A HUNDRED LOVERS, POEMS by Richie Hofmann
Alfred A. Knopf, $29, 2022
Let me count the hundred ways I love A Hundred Lovers. Hofmann’s poetry with its rare beauty and lucidity is personal and universal. Reading the collection feels like looking into the clearest bluest lake that belies its depth and all the sparkly or sharp objects at the bottom. The poems are very much about Hofmann’s loves of the past, present, and even future as he writes about his forthcoming nuptials in “Spring Wedding”: The day before we married, we napped / in the afternoon, with no sheets over us, / and felt the breeze from the lake…
There’s a sophisticated simplicity to the poems that arises from real elegance, and, of course, Hofmann’s telluric mastery. The writing makes one smile with a frisson of recognition. An indefinable, almost ancien régime indulgence in pleasure and sensuality backdrops, as Hofmann’s travels take him abroad. In “History of Pleasure” he writes: I walked by myself to the market / past ruins with broken / bodies of stone where even / a fragment of a man could undo me.
Young love, the kind that makes the rest of the world disappear, appears in the poem “French Lover” (also published in The New Yorker) and recalls undergrad days when a student emails his professor to say he’s sick and will miss French Novel class, when, indeed, he’s perfectly well and enraptured by his second lover: Of course / we’d have other lovers. / Snow fell in our hair. / You were my second lover.
We believe in Hoffman’s declarations when we read “Feast Days”: Later when we’re tired of walking, let’s stop in front / of some beautiful place and tell each other what we want.

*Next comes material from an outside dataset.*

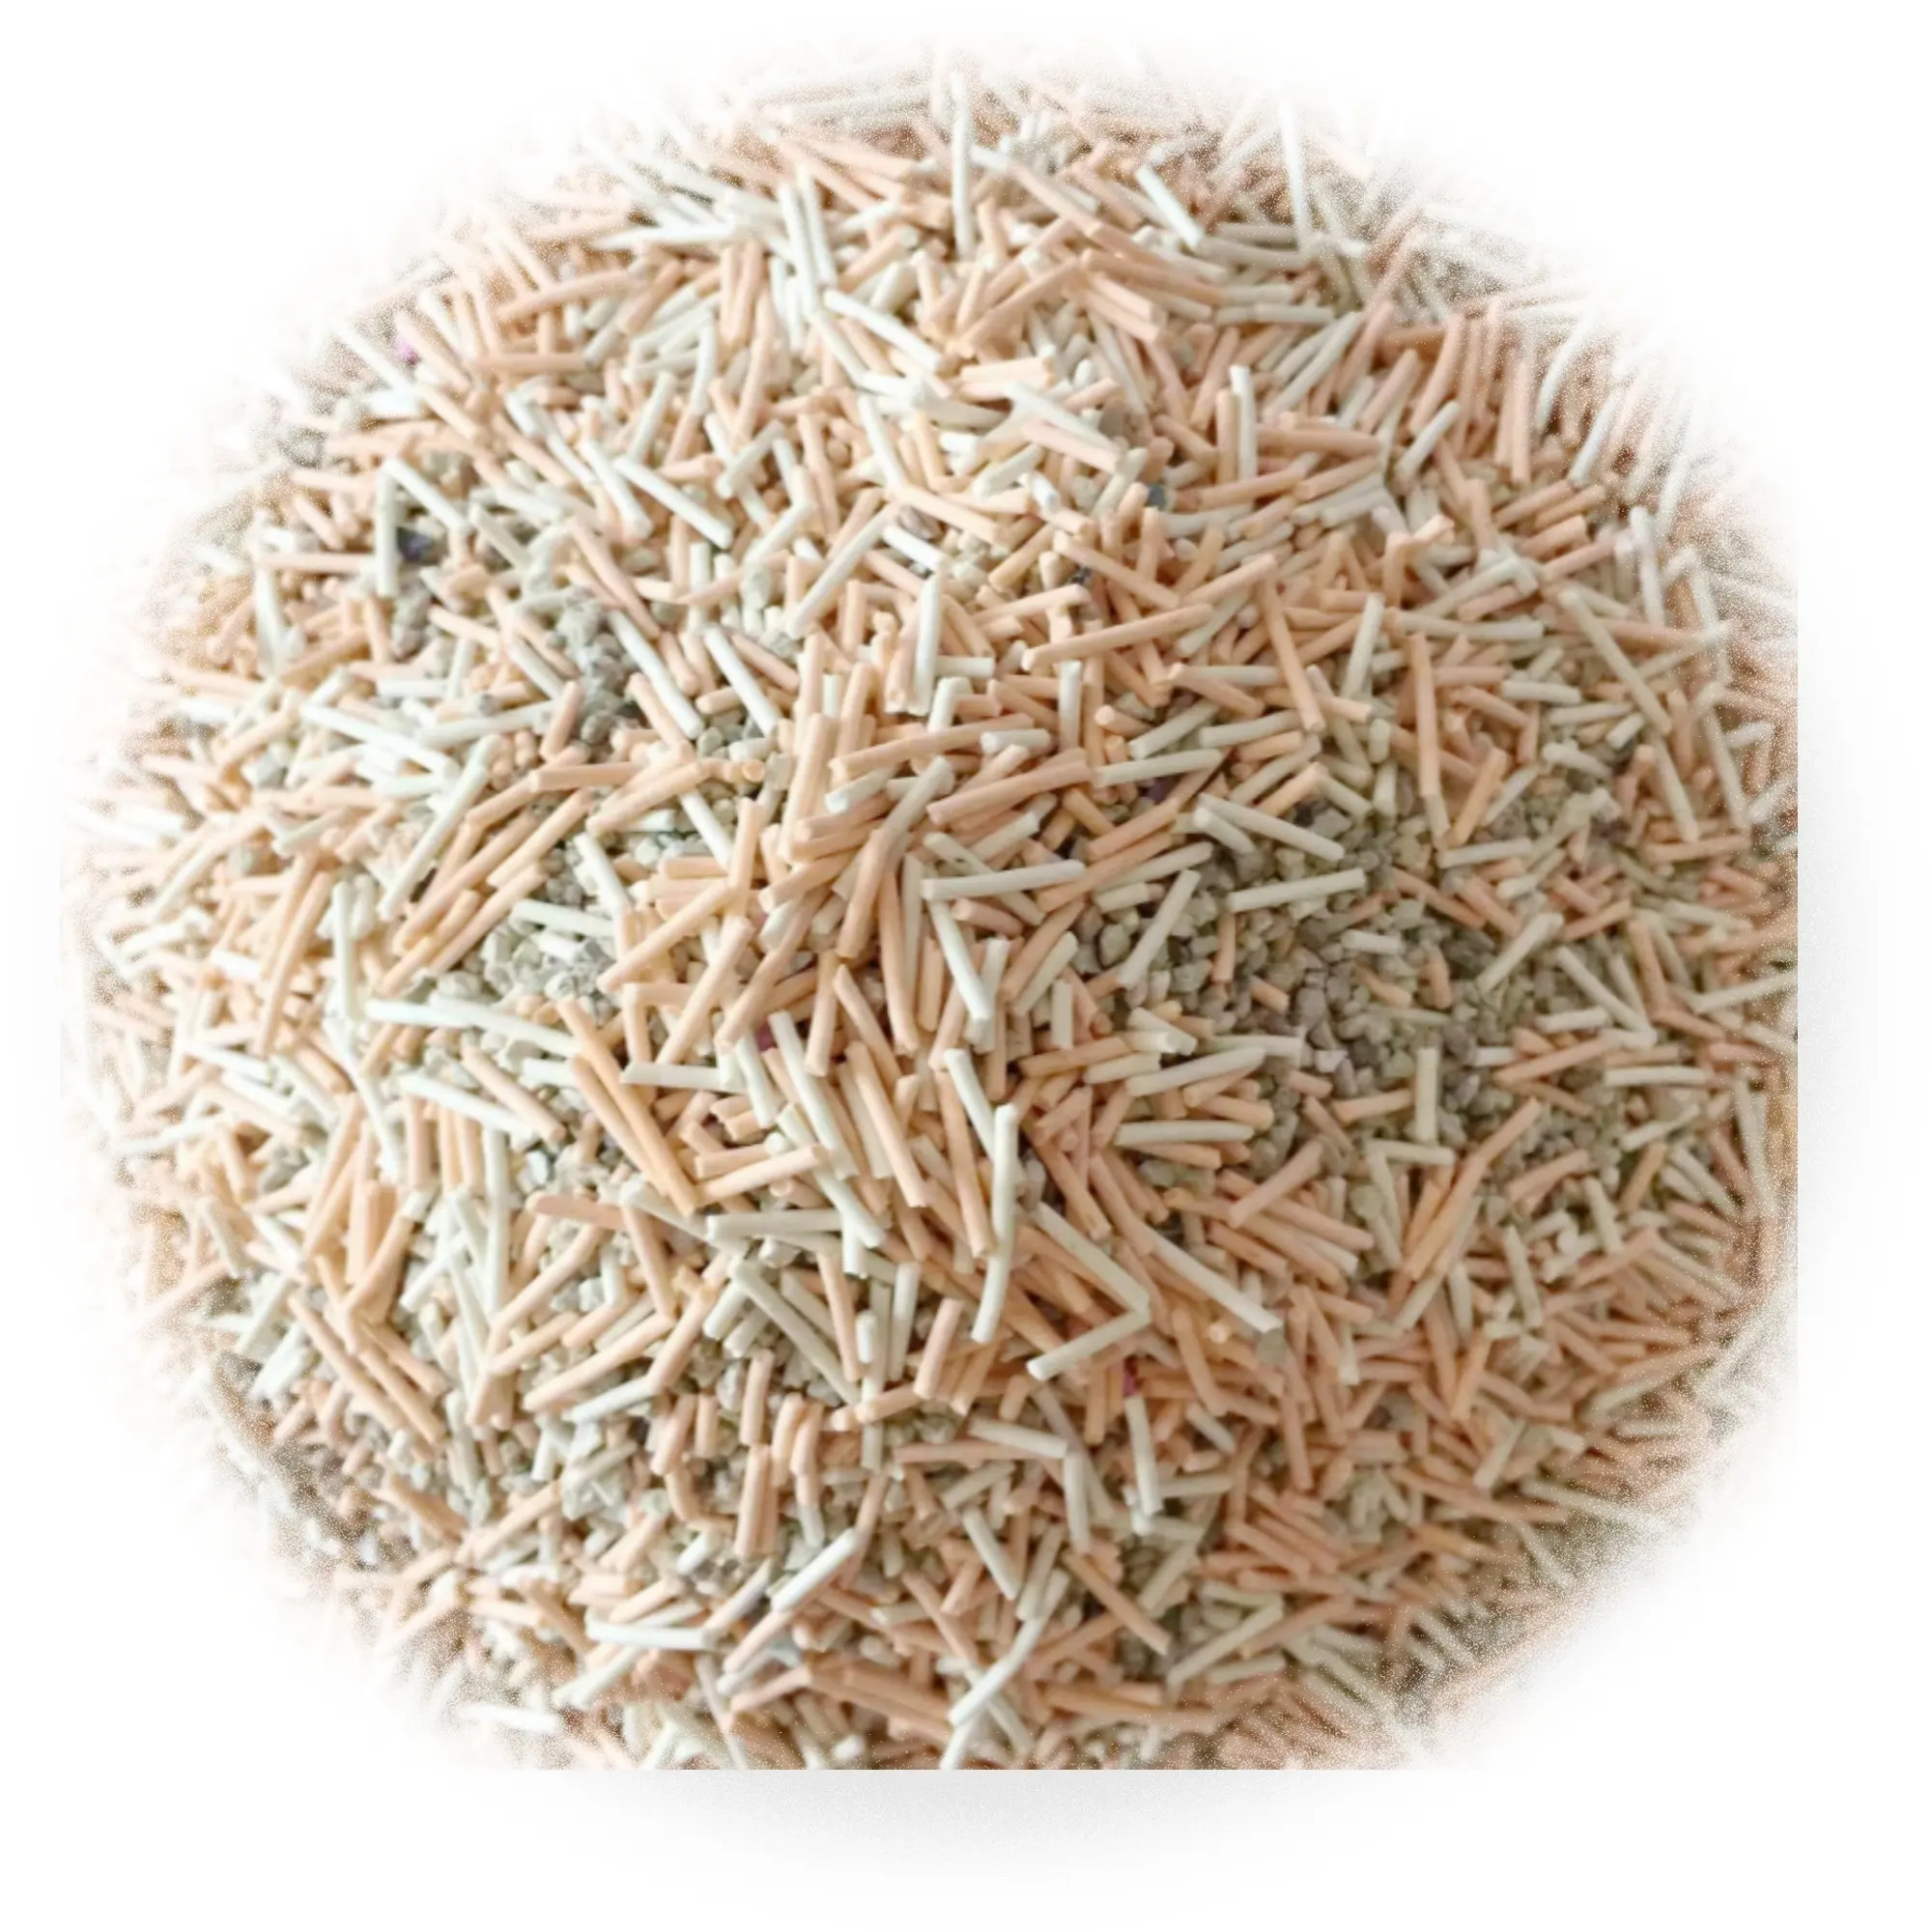 高コスト効率低価格カスタマイズ可能な香りとうふミネラル砂混合猫砂

What I want, Richie, is to read your next volume of poetry and then the ones to come.
– Helen Mitsios
WHICH WAY IS NORTH A Creative Compass for Makers, Marketers and Mystics by Will Cady
Matt Holt Books, $28
One of the great things about this book is it’s not really about Reddit, but about a holistic philosophy of media, humanity in the shape-shifting way it reacts to media, the creative process and unlocking creativity, and business strategy and leadership (and not the bullshit white board with quadrants stuff). The book is mystical and belongs as much on the spirituality shelf as the business one. Most of all, and most surprising, it’s beautifully written. It’s poetic. He makes you think and he tells great stories like industrial parables.
Among business books it’s a Unicorn. AI may eventually eat us all, but it won’t get folks like Will Cady til last.
– Bob Guccione, Jr.
MCU: The Reign of Marvel Studios by Joanna Robinson, Dave Gonzales and Gavin Edwards
Liveright, $35
After reading MCU, you might think that Marvel is a tragic (super)hero. They’ve had so many owners and partners who only cared about making toys on top of selling the rights to so many characters. (I still need a PhD to understand who truly owns Spider-Man.) But by Odin’s beard, we all needed Kevin Feige and Disney to right the sinking ship. With great power came great responsibility, and the brain trust acknowledged they’ve been irresponsible making too many films with not enough oversight over the past few years.
MCU is also a great book for anyone who wants to learn how the machine called Hollywood works – and doesn’t – especially when it comes to who gets credit for writing a screenplay, how many years an idea for a movie takes to develop, the stress people in post-production are under and why you should never ask Samuel L. Jackson to run. If you do, you will feel the fury…
With the recent writers and actors strike and the revelation the House of Mouse had about the quality of Marvel’s work, there’s really only one direction to go in: Excelsior!